Collected data START
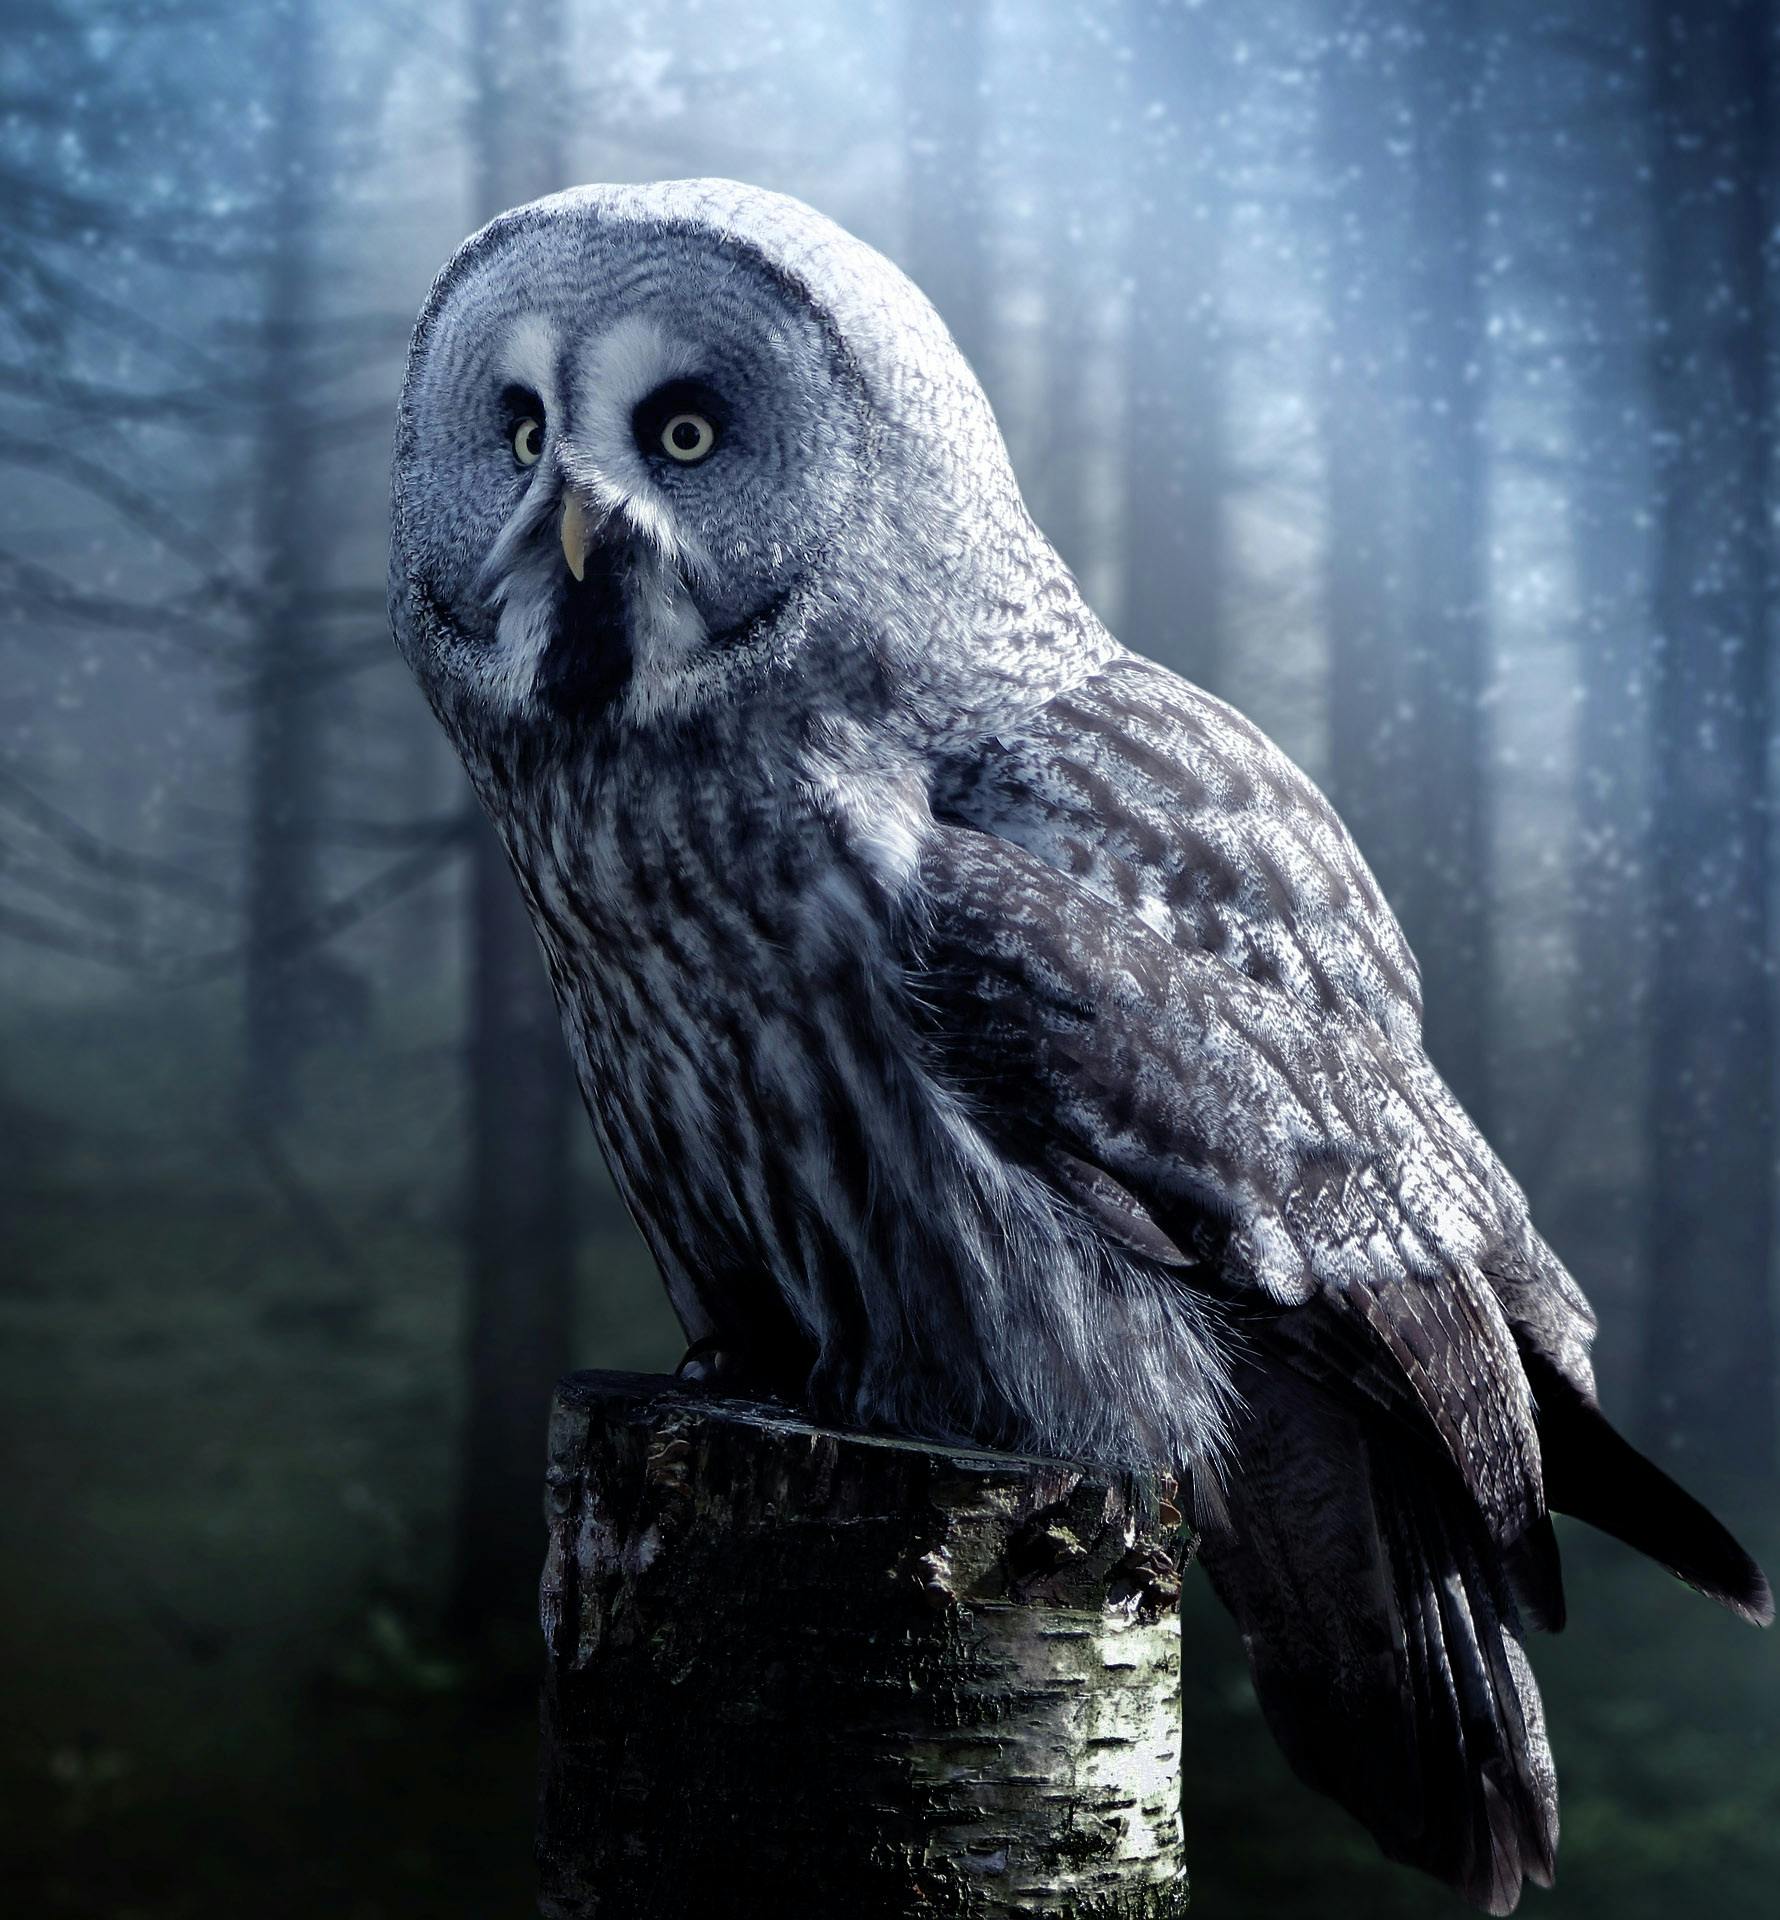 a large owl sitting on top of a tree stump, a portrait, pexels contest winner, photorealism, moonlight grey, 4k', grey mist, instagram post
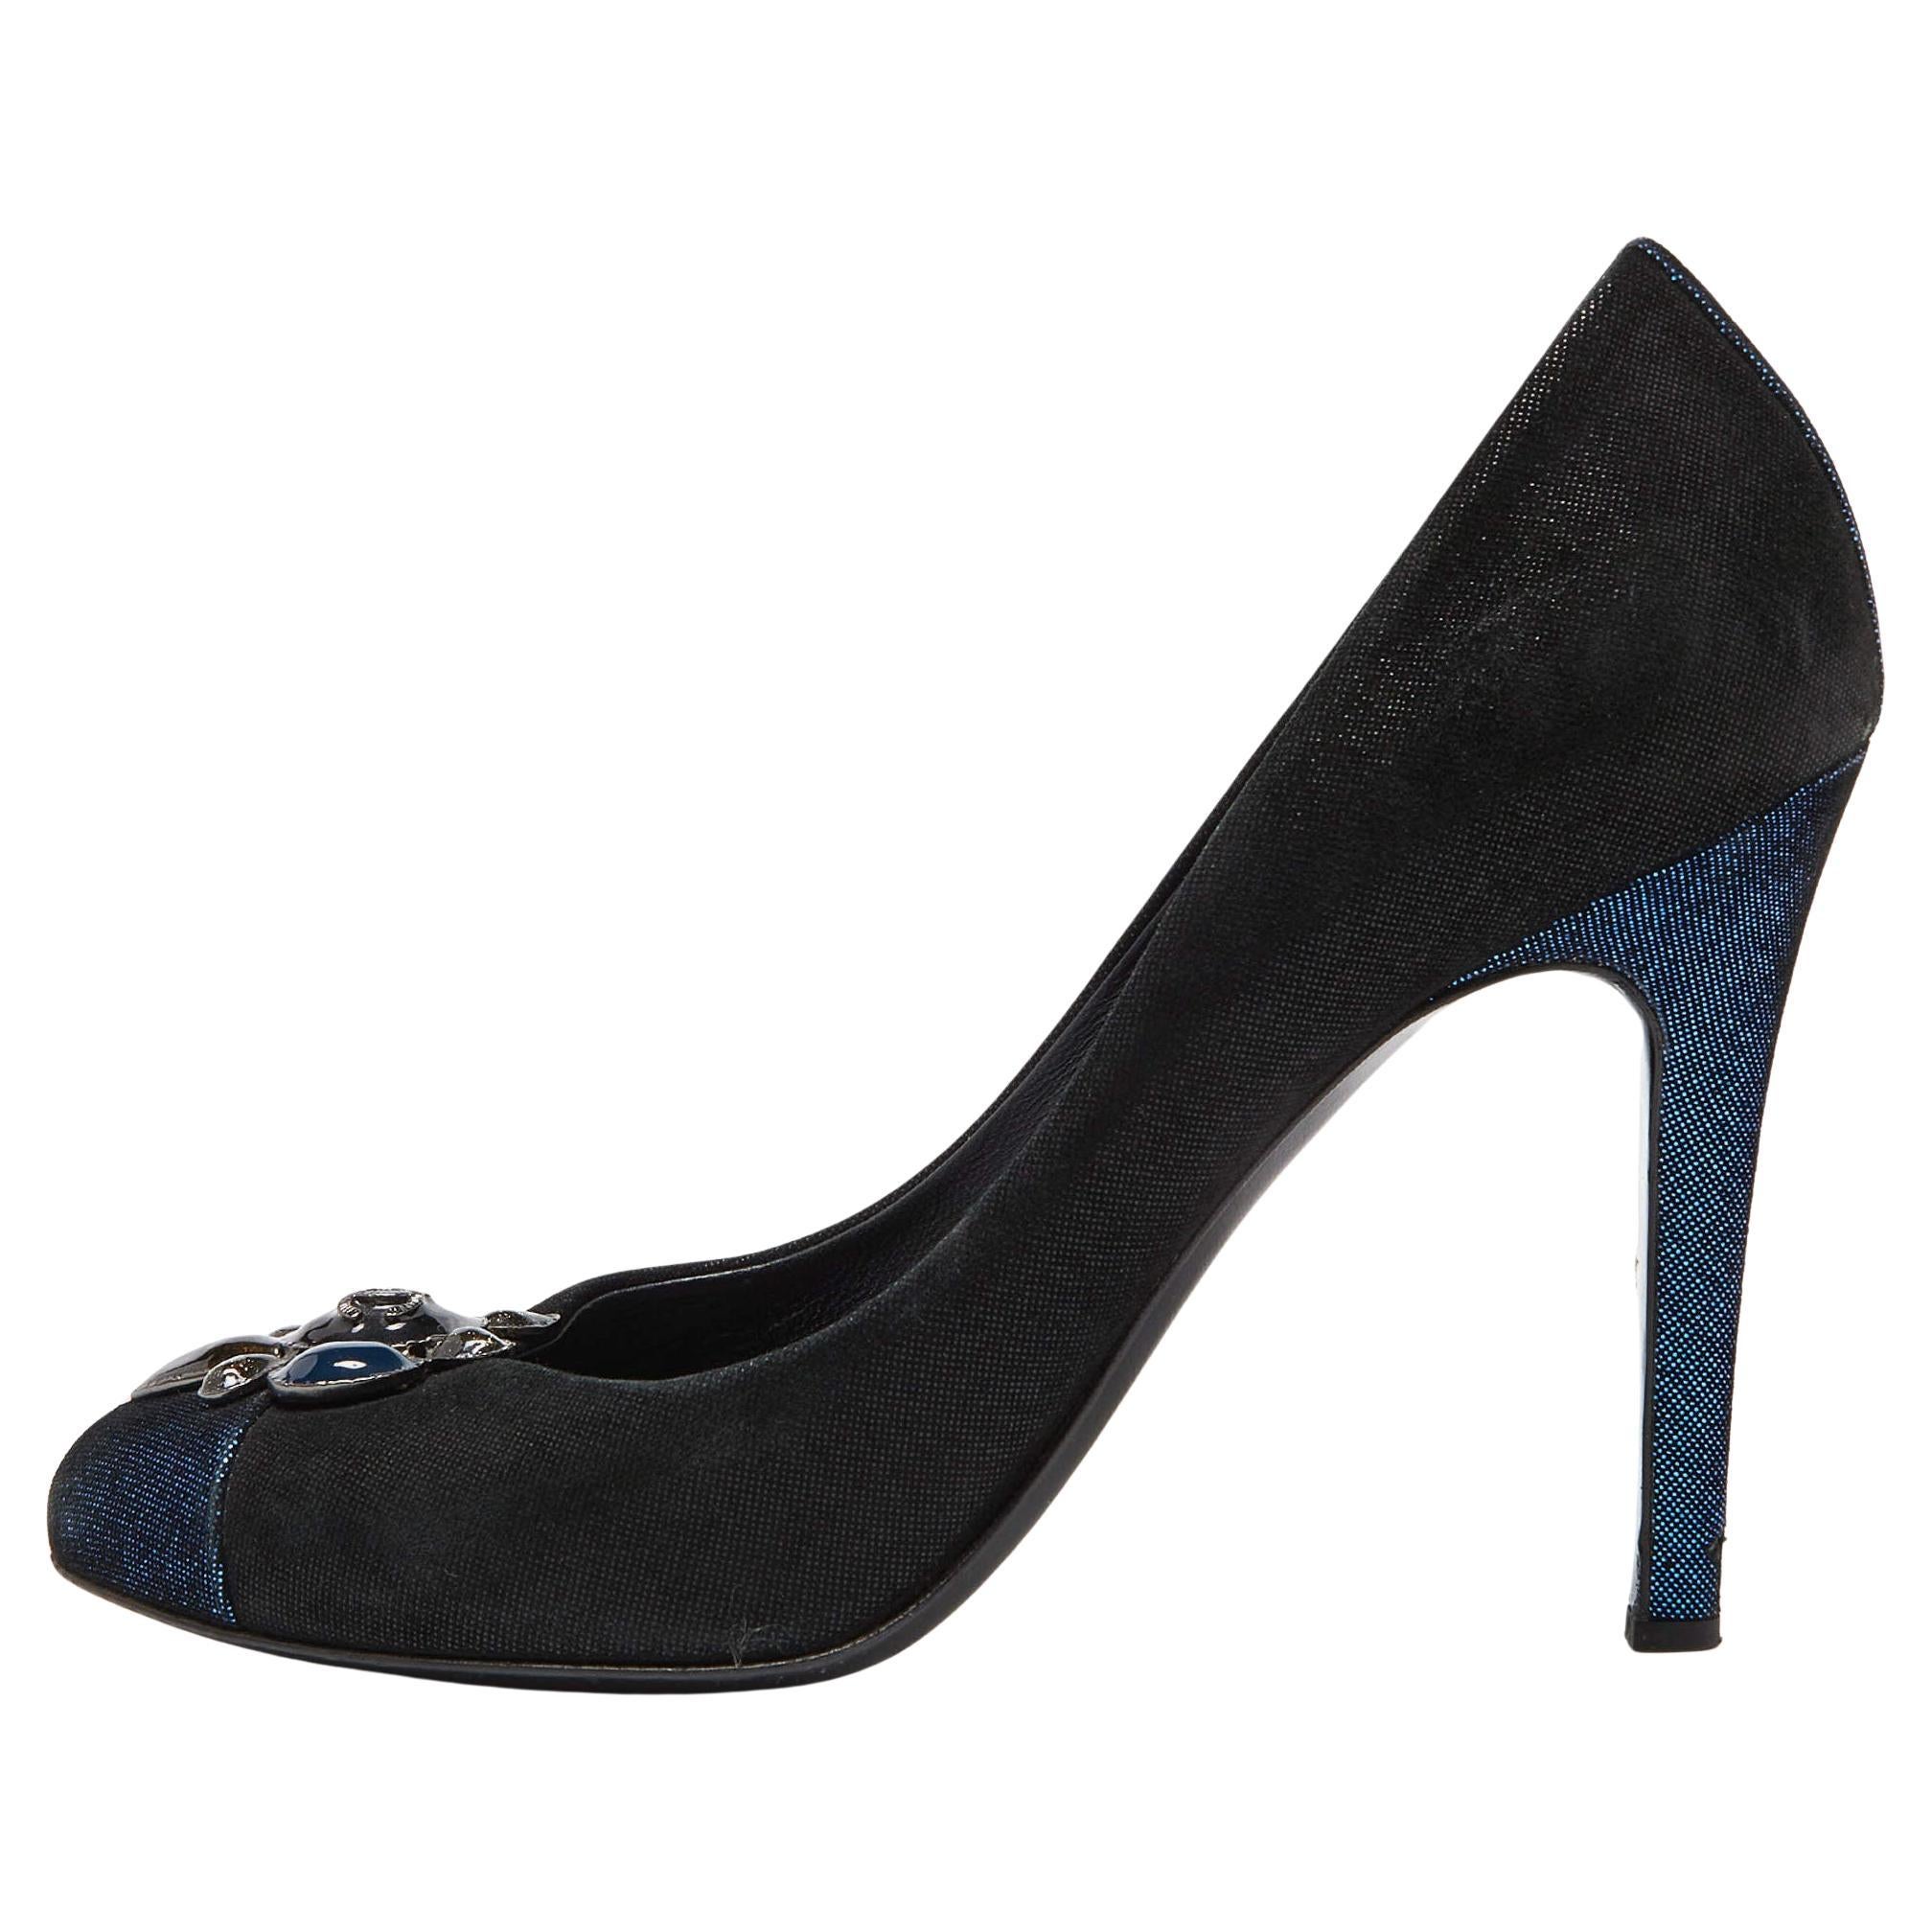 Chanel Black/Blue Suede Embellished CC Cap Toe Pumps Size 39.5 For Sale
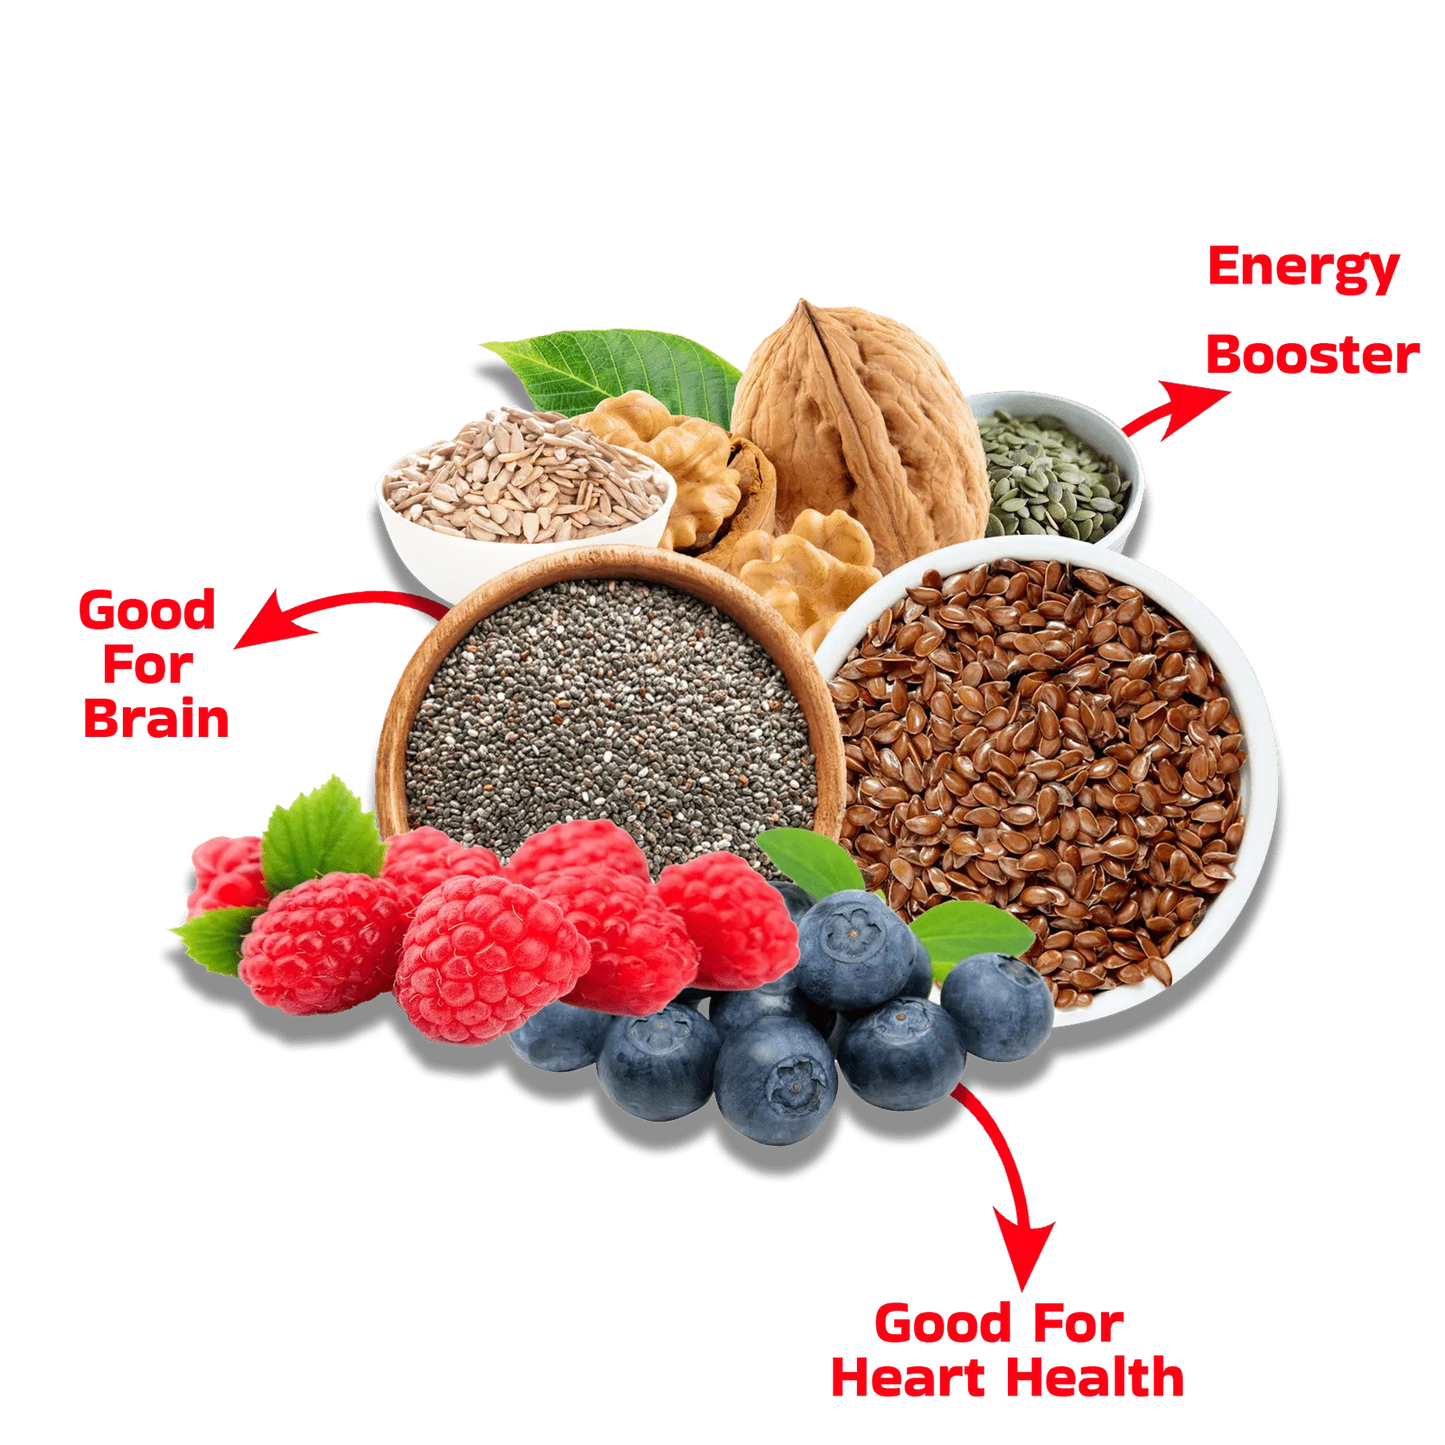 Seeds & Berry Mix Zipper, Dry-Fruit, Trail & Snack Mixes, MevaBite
Collected data END
Assignment: Your output should consist solely of the lines from the line containing "Chanel Black/Blue Suede" through the end of the data above, copied exactly, with images removed.

Task response:
 Chanel Black/Blue Suede Embellished CC Cap Toe Pumps Size 39.5 For Sale
 Seeds & Berry Mix Zipper, Dry-Fruit, Trail & Snack Mixes, MevaBite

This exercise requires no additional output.